Many similar projects have been pursued in the last several years.
For the “Green River Slide,” Fetterman and Browning think they’re likely to find funding to stabilize the riverbanks, and imagine the project might include using excavators to drive large, sharpened trunks into the riverbank. Fetterman and Browning said this kind of heavy lifting requires a delicate touch.
“Some of the operators are so phenomenal,” Browning said. “This giant machine is like an extension of their arm. I’ve seen them pat something.”
“They can be amazingly gentle,” Fetterman said.
Projects that require this kind of engineering work aren’t cheap. Funding has historically come from organizations like the Trout and Salmon Foundation, Trout Unlimited, members of the Battenkill Watershed Alliance, and Orvis, along with state and federal grants.
Browning said the expense of stabilizing the bank near the “Green River Slide” will be worthwhile.
“It’s maintaining the integrity of the whole system,” she said. “The Battenkill, below the confluence with the Green River, is going to be affected by the excess sedimentation. It affects the habitat there, and then it affects it down in New York.”
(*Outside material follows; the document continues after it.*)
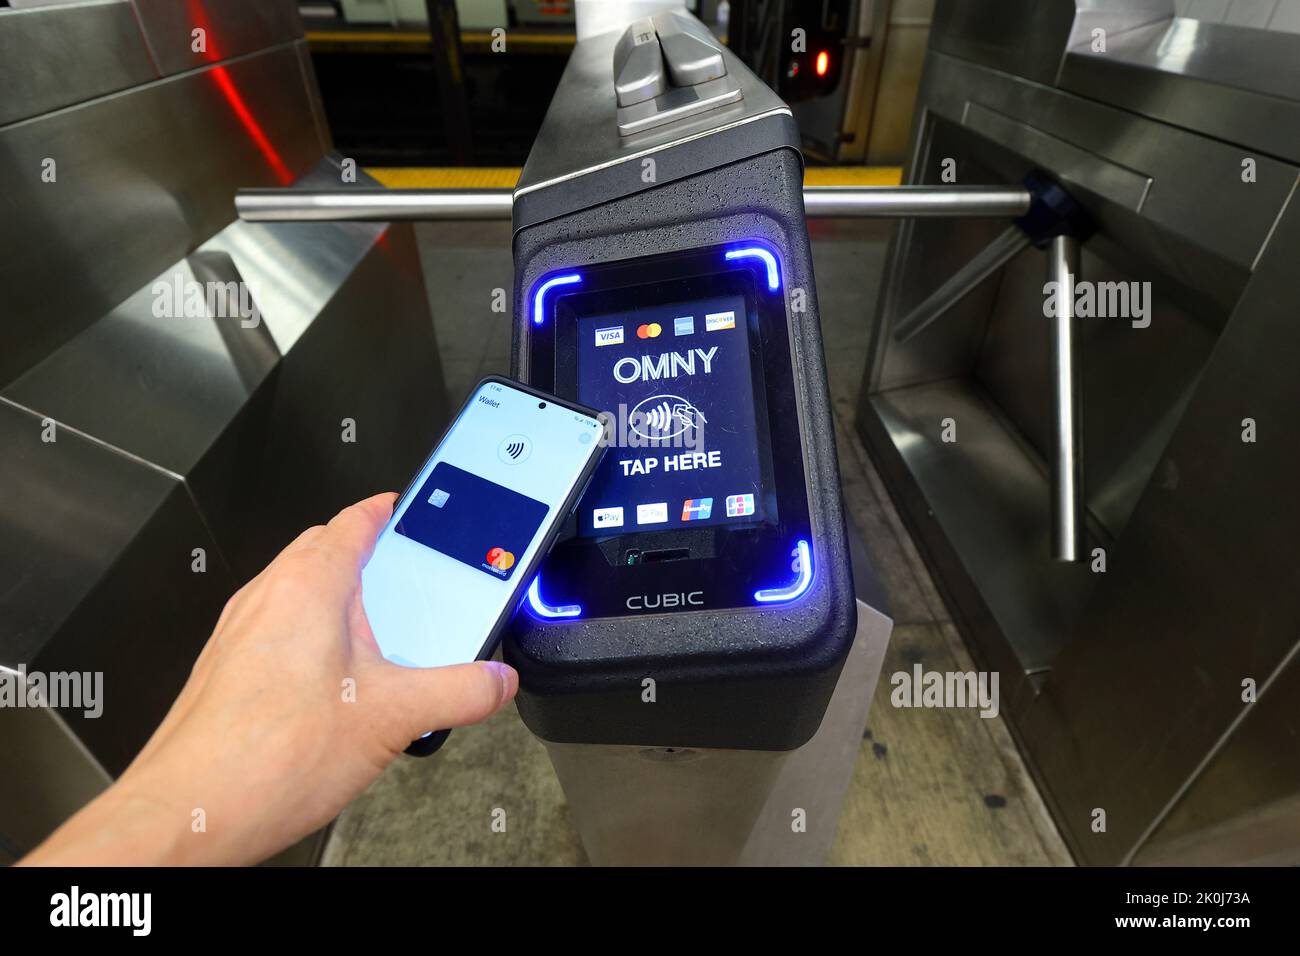 Un smartphone con Google Wallet toca un torniquete de metro de Nueva York equipado con un lector de pagos sin contacto OMNY que acepta pagos NFC Foto de stock

While new habitat structures have been continually installed for more than 10 years, Fetterman says there’s more work to be done. Based in New York, his work in the Battenkill watershed, which crosses the state line, is focused as much on growing natural habitat as installing it. Planting layers of trees along the banks of the river, for example, will help provide a sustainable habitat for fish.
“We’ll always be going through this process of identifying projects in various spots, pursuing funding, actually implementing the project,” Fetterman said. “As far as knowing what point we say, OK, we did everything we could, I would say that’s down the road. I don’t know that we’ll ever say, ‘This is a natural environment now,’ but we’re going to get it as good as we can.”
Browning said one of the most difficult parts of the project is persuading landowners to make significant changes to banks near their properties. Having grown up on the Battenkill, when she makes the pitch, she makes it personal.
“We did work on my family’s property,” she said. “That’s how much I believe in what we’re doing.”